I never went along with the idea that Obama was selling out or dumping all his decent ideas and instincts to backtrack his way into the Oval Office. I actually quite like his position on how to incorporate religious groups into social services without breaching the church-state wall, for example. His opposition to conquest in Iraq is persuasive enough, whatever he says should be done about it now.
But although his position on FISA wasn’t a ‘deal-breaker’ to use his phrase, it is plenty disturbing. It goes to the heart of the unitary executive and the creeping dismemberment of the powerless citizen’s legal protections in the face of a paranoid state engaged in a permanent war. Detainees shut away in Guantánamo dungeons, torture, secret spying, prosecutions using illicitly-gained data that can then be hidden from the accused on national security grounds—there is just far too much evidence that we are facing serious danger from our own government, even without a major terrorist attack in seven years.
The domestic spying, in defiance of the FISA law and with no oversight by anyone, has been rejected repeatedly by the courts, which are doing a much better job protecting civil liberties than the lapdog Congress.
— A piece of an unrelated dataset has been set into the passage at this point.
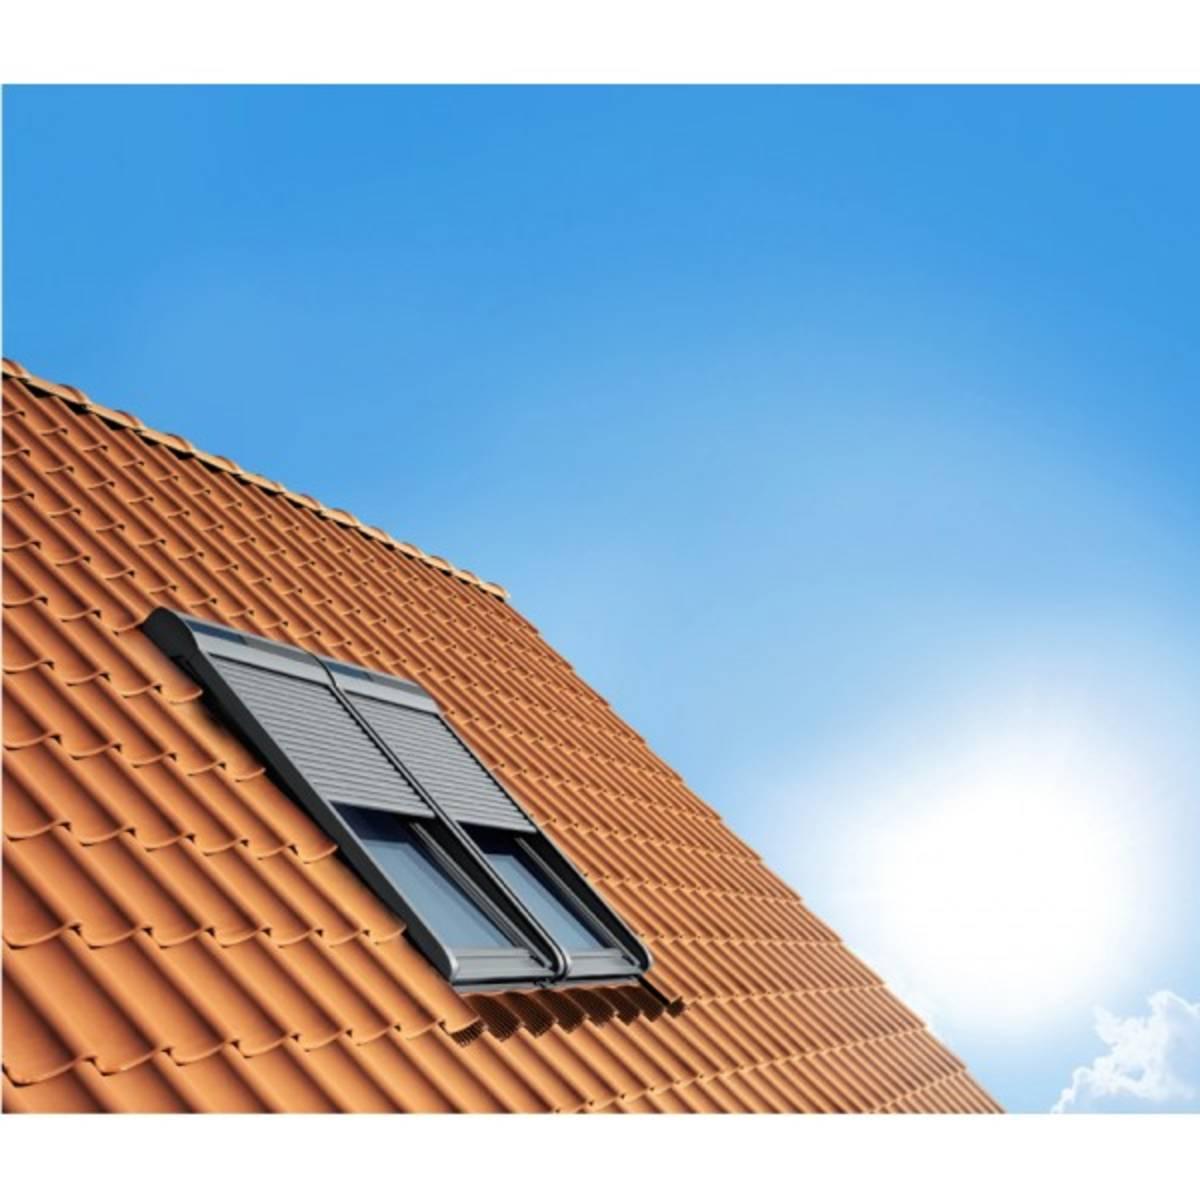 volet roulant solaire velux ssl mk04 78x98 cm mba bois et construction durable. Black Bedroom Furniture Sets. Home Design Ideas
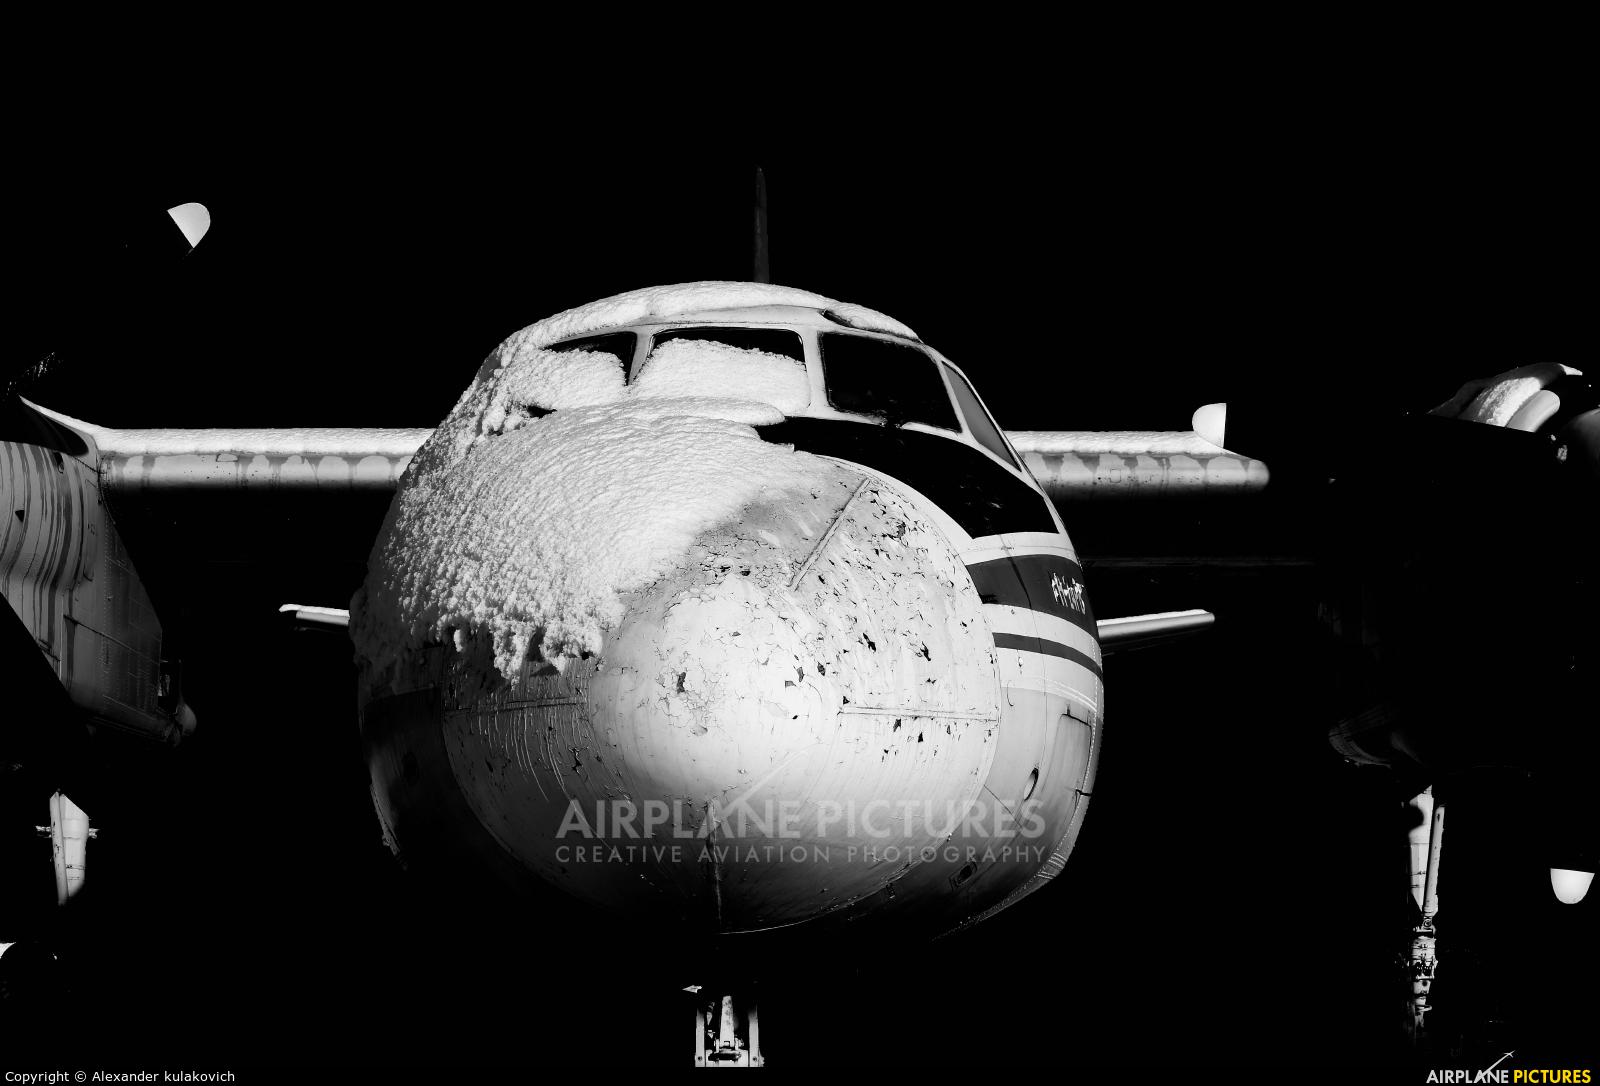 Belavia EW-47291 aircraft at Minsk Intl

But instead of being shamed, the legislature is rushing to let Bush off the hook, endorse the cover-up and prevent those harmed from pursuing legal redress. This is the famous ‘end of Scooter Libby justice’ that Obama promises?
The Republican Party of today has abandoned its commitment to the republican form of government, and I have been close enough to real dictatorship to recognize its ideological fellow-travelers. The Rovian gang would give the security state everything it wants and are first cousins to the defunct East German Politburo or the grey functionaries that ran the South American military regimes of the 1970s. They are truly dangerous, and on this issue the alarmed sectors of the populace have a much better intuition than Obama’s operatives.
The fact that O had to write us an apologetic letter suggests that he was surprised by the intensity of the opposition to his buckling on FISA and is finding it suddenly harder to justify the ignominious Democratic cave-in.
Twilight Highlights: I see McCain is dubbing the shake-up in his campaign ‘a natural evolution.’ Wouldn’t that be a ‘more intelligent design’?